Businesses face new penalties for delaying payments to small commercial entities
UK Government Introduces Tough Measures to Combat Late Payments to Small Businesses
The UK government has unveiled a new plan aimed at combating late payments to small and medium-sized enterprises (SMEs), marking the toughest legislative reforms on late payments in 25 years. This initiative is part of a broader "Plan for Change" to unlock growth and support the 60% of the UK workforce employed by SMEs, which generate £2.8 trillion in turnover.
At the heart of the plan are measures designed to ensure timely payments for SMEs. The introduction of maximum payment terms will see a mandatory cap of 60 days, which will be reduced to 45 days to ensure businesses get paid on time. The Small Business Commissioner will be granted stronger powers, including the ability to conduct spot checks and impose multi-million-pound fines on large firms that persistently pay late.
To speed up dispute resolution between suppliers and buyers, a 30-day invoice verification period will be enforced. Corporate audit committees will also be legally required to scrutinise payment practices at board level, with mandatory interest charges for firms that pay late to increase compliance pressure.
Financial support is also a key part of the plan. A £4 billion finance boost includes 69,000 Start-Up Loans, providing financial backing to inspire new entrepreneurs and small business owners.

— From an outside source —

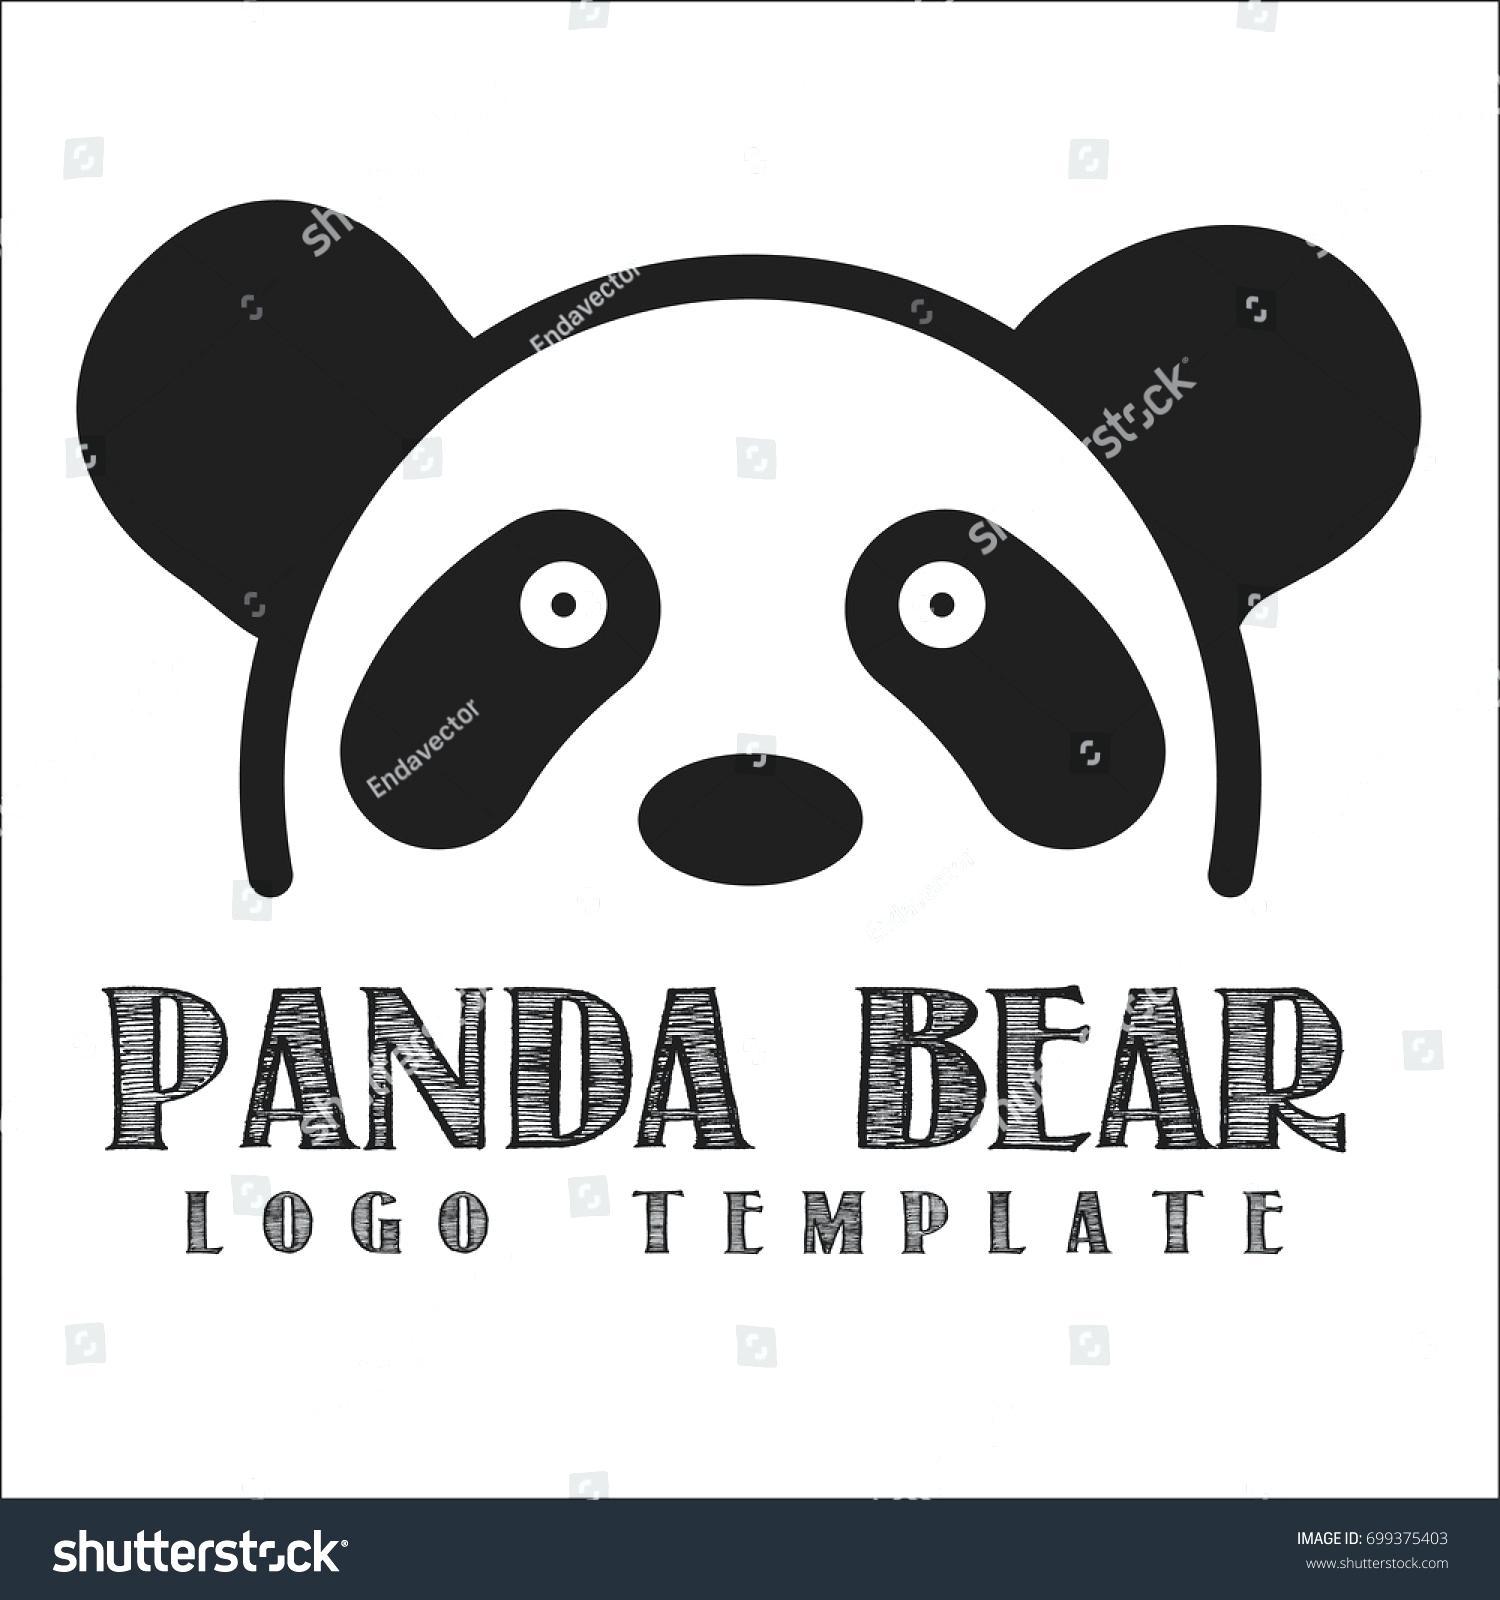 Panda Bear Logo - template: Panda Bear Template Vector Of Fun Children Isolated Geek

The British Business Bank is set to receive more than £3bn for guarantee programs to increase support to small businesses. Additional funding for other initiatives will bring certainty to spending programs rolled out by the government.
The British Chambers of Commerce considers these measures a much-needed step forward in recognising and supporting SMEs. Tina McKenzie, policy chair of the Federation of Small Businesses, considers tackling late payments critical for boosting communities and the wider economy. British Business Bank chief executive Louis Taylor looks forward to supporting more SMEs and generating economic growth.
Other reforms include changes to licensing for the hospitality and arts sector to allow for growth in designated zones. The government's intention to lower business rates is specific to firms in the retail, hospitality, and leisure sectors. Keir Starmer, the Labour Party leader, has also vowed to crack down on delayed payments affecting small businesses.
The UK government's plan aims to offer more stability to entrepreneurs and firm owners, with the hope that these measures will help small businesses thrive and grow, reducing the estimated £11 billion annual cost to the UK economy caused by late payments.
[1] BBC News: UK Government Takes Action Against Late Payments to Small Businesses (link) [2] The Guardian: UK Government to Introduce Tougher Rules on Late Payments to Small Businesses (link) [3] The Telegraph: UK Government's Plan to Combat Late Payments to Small Businesses (link) [4] The Independent: UK Government's Plan to Tackle Late Payments to Small Businesses (link)
- Tina McKenzie, policy chair of the Federation of Small Businesses, believes addressing late payments is crucial for boosting communities and the wider economy, as these payments currently cost the UK economy an estimated £11 billion annually.
- The UK government's plan includes financial support to help small businesses thrive, such as a £4 billion finance boost including 69,000 Start-Up Loans and more than £3bn for guarantee programs through the British Business Bank.
- In addition to the measures targeting late payments, the government also plans to lower business rates for firms in the retail, hospitality, and leisure sectors, and make changes to licensing for the hospitality and arts sector to foster growth in designated zones.